(Records from a data collection)
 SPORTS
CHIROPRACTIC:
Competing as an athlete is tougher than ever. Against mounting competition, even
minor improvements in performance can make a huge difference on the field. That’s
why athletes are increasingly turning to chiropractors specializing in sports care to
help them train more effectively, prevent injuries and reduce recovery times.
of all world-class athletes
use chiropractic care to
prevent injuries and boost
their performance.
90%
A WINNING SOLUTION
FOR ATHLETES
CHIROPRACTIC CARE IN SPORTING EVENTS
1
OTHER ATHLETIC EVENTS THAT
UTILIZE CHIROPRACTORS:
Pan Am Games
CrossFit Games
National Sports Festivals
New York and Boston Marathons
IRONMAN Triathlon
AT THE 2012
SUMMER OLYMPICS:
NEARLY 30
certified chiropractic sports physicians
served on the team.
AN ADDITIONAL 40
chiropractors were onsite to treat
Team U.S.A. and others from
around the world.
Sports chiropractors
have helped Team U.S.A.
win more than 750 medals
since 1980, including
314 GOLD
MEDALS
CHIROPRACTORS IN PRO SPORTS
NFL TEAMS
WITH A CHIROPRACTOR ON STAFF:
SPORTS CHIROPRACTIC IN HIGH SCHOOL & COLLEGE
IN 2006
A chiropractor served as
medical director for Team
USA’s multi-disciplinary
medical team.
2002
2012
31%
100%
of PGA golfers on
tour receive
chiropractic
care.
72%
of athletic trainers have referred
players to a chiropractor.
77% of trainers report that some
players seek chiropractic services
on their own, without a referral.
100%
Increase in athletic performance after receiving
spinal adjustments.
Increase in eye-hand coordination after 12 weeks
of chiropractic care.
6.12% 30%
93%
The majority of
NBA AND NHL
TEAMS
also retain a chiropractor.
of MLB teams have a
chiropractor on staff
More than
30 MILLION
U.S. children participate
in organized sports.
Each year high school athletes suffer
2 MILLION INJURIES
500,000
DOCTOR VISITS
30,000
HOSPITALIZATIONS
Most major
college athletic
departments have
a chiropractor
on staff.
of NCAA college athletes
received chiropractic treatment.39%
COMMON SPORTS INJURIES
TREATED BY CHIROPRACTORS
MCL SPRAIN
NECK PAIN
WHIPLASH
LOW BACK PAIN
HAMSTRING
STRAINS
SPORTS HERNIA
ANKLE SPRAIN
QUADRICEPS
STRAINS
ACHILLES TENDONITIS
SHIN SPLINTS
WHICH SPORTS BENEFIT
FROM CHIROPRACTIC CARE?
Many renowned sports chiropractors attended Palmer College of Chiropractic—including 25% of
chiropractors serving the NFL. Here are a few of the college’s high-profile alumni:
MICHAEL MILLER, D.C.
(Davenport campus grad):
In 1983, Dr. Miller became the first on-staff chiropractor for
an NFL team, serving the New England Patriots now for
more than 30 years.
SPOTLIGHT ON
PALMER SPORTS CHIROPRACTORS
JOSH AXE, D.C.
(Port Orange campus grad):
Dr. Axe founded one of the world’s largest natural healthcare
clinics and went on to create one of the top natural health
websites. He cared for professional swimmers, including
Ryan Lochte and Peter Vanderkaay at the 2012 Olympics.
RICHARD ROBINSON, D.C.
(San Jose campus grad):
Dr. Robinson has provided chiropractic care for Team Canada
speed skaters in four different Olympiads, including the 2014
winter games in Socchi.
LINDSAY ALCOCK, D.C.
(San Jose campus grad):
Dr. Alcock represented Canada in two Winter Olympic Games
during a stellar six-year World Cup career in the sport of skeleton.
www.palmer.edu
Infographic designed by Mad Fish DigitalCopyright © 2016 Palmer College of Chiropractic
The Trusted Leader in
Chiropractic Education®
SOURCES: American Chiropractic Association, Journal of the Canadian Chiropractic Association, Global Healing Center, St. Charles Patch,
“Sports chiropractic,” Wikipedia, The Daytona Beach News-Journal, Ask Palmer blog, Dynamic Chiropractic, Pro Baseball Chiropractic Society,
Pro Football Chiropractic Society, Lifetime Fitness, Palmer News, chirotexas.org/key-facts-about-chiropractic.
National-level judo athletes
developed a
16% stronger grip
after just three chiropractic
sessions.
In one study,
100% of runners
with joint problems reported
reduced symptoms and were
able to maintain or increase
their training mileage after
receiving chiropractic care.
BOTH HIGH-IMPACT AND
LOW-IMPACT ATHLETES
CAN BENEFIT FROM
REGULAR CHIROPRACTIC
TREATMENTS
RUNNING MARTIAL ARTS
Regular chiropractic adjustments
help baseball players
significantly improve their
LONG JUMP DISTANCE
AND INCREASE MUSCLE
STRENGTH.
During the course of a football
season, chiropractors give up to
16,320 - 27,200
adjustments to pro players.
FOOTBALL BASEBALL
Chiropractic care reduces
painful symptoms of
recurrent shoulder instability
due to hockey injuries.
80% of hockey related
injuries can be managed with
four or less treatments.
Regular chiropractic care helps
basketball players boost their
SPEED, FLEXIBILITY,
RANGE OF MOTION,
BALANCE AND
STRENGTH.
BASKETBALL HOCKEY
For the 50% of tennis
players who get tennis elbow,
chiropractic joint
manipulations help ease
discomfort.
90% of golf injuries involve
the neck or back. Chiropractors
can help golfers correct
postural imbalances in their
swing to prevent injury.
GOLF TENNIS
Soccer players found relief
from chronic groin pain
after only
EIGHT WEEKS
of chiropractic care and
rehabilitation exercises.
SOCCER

◆ Task instructions
Could you return exactly the lines above from the line with "departments have" to the line with "MICHAEL MILLER, D.C.", both included, and nothing else?

◆ Written reply
departments have
a chiropractor
on staff.
of NCAA college athletes
received chiropractic treatment.39%
COMMON SPORTS INJURIES
TREATED BY CHIROPRACTORS
MCL SPRAIN
NECK PAIN
WHIPLASH
LOW BACK PAIN
HAMSTRING
STRAINS
SPORTS HERNIA
ANKLE SPRAIN
QUADRICEPS
STRAINS
ACHILLES TENDONITIS
SHIN SPLINTS
WHICH SPORTS BENEFIT
FROM CHIROPRACTIC CARE?
Many renowned sports chiropractors attended Palmer College of Chiropractic—including 25% of
chiropractors serving the NFL. Here are a few of the college’s high-profile alumni:
MICHAEL MILLER, D.C.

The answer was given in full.